Король никогда не чувствовал себя таким раздавленным.
Ух, и влетело тогда Пьеру... Эдвур лично засек его плетью до посинения. Даже в памяти рабов трудно было отыскать такую жестокость короля. Если бы не Жоанна, вовремя ставшая между ним и сыном, чего доброго, засек бы насмерть. Все его дерюги и вериги отправили в огонь, а самого чуть ли не под пыткой заставили одеваться в пышные королевские платья. Пьер стыдился богато украшенных одеяний, наверное, еще больше, чем нищий стыдится своего рубища. Это вдоль каких осей должны провернуться извилины в голове человека, чтобы во время общего сна тайно выкрасть из гардероба все платья его размера, порезать их на мелкие лоскутья, потом еще выйти за пределы Нанта, найти там какого-то крестьянина и стоя на коленях молить его, чтобы он отдал свои рубища взамен богатой одежды...
Впрочем, со временем к нонконформизму Пьера все привыкли.

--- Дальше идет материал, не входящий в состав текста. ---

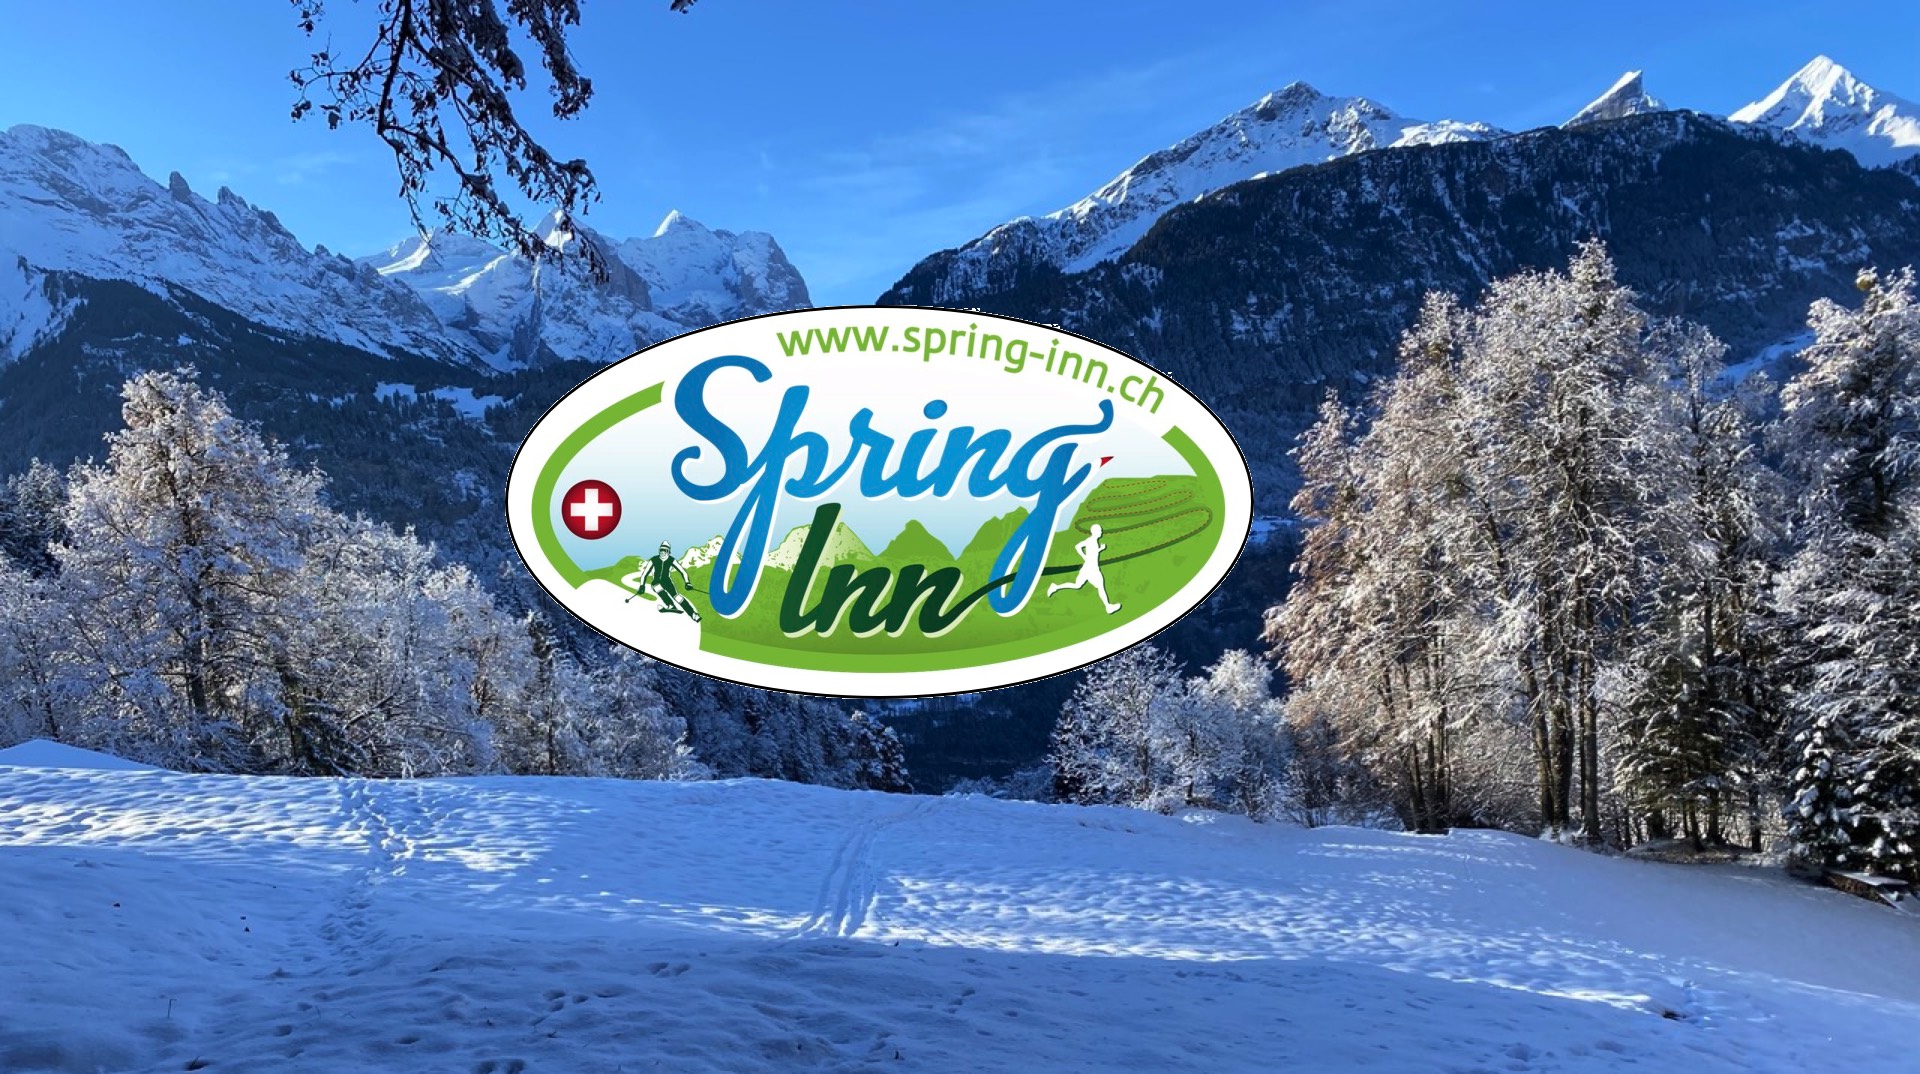 Spring Inn, Jungfrau region, Haslital. Come and enjoy the ski slopes on Hasliberg or the toboggan run from Grosse Scheidegg to Rosenlaui

Даже король махнул на него рукой и вынес в кругу своих близких устный вердикт: "черт с ним, пусть делает что хочет!". Бывало, правда, Эдвур, изрядно охмелев, мог выкрикнуть за столом какую-нибудь нелепость. Например: "это не мой сын!". Но Жоанна тут же закрывала ему рот своей нежной красивой ладонью, взор ее становился мутным, страстным. Тогда король, любуясь собственным отражением в ее зрачках и пьянея еще более, ласково шептал: "а черт его поймет, может быть и мой...".
Надежда на то, что Пьер повзрослеет, встретит хорошую девушку и его гипертрофированная религиозность выветрится от веяний новых чувств, увы, не оправдалась. Взрослея, мальчик прилагал к духовным подвигам еще больше усердия. Величайшим деянием его личного самоотречения и не менее величайшим позором для королевской семьи являлся факт строительства нового Анвендуса. Пьер тайно сбегал из дворца и вместе с простыми чернорабочими возил кирпичи да таскал на себе бревна. Мастера, опасаясь королевского гнева, просили его оставить этот унизительный труд и вернуться к отцу. Но тот, грозя им гневом Непознаваемого, куда более страшным, вежливо посылал их от себя подальше. На стройке Пьер работал больше всех, одевался хуже всех и питался какими-то кусками засохшего хлеба, словно где-то их украл. Даже крестьянские дети в открытую смеялись над ним и дразнили всеразличными кличками: "шут с короной на заднице, Его Чумазое Величество, принц-оборванец, наследник королевской помойки...". А за глаза придумывали прозвища и похлеще. Бывало, идет Пьер на работу в грязной сермяге, вываливает навстречу крестьянская детвора и, смеясь, начинает кланяться ему в ноги: "о, Ваше Чумазое Величество, не будьте несправедливы к рабам своим, киньте нам милостыню! Хотя бы кусок грязи...". На подобные выходки Пьер реагировал молча. И в том молчании не было ни презрения, ни обиды, ни даже равнодушия -- лишь отрешенная от всего земного пустота. А звонкий хохот крестьянской детворы звучал в его ушах как бессмысленный перезвон этого полуреального, по сути своей вздорного мира. Он обычно говорил себе: "несчастные создания! они совершенно не задумываются о своих грехах, что ожидает их в Настоящем Мире?".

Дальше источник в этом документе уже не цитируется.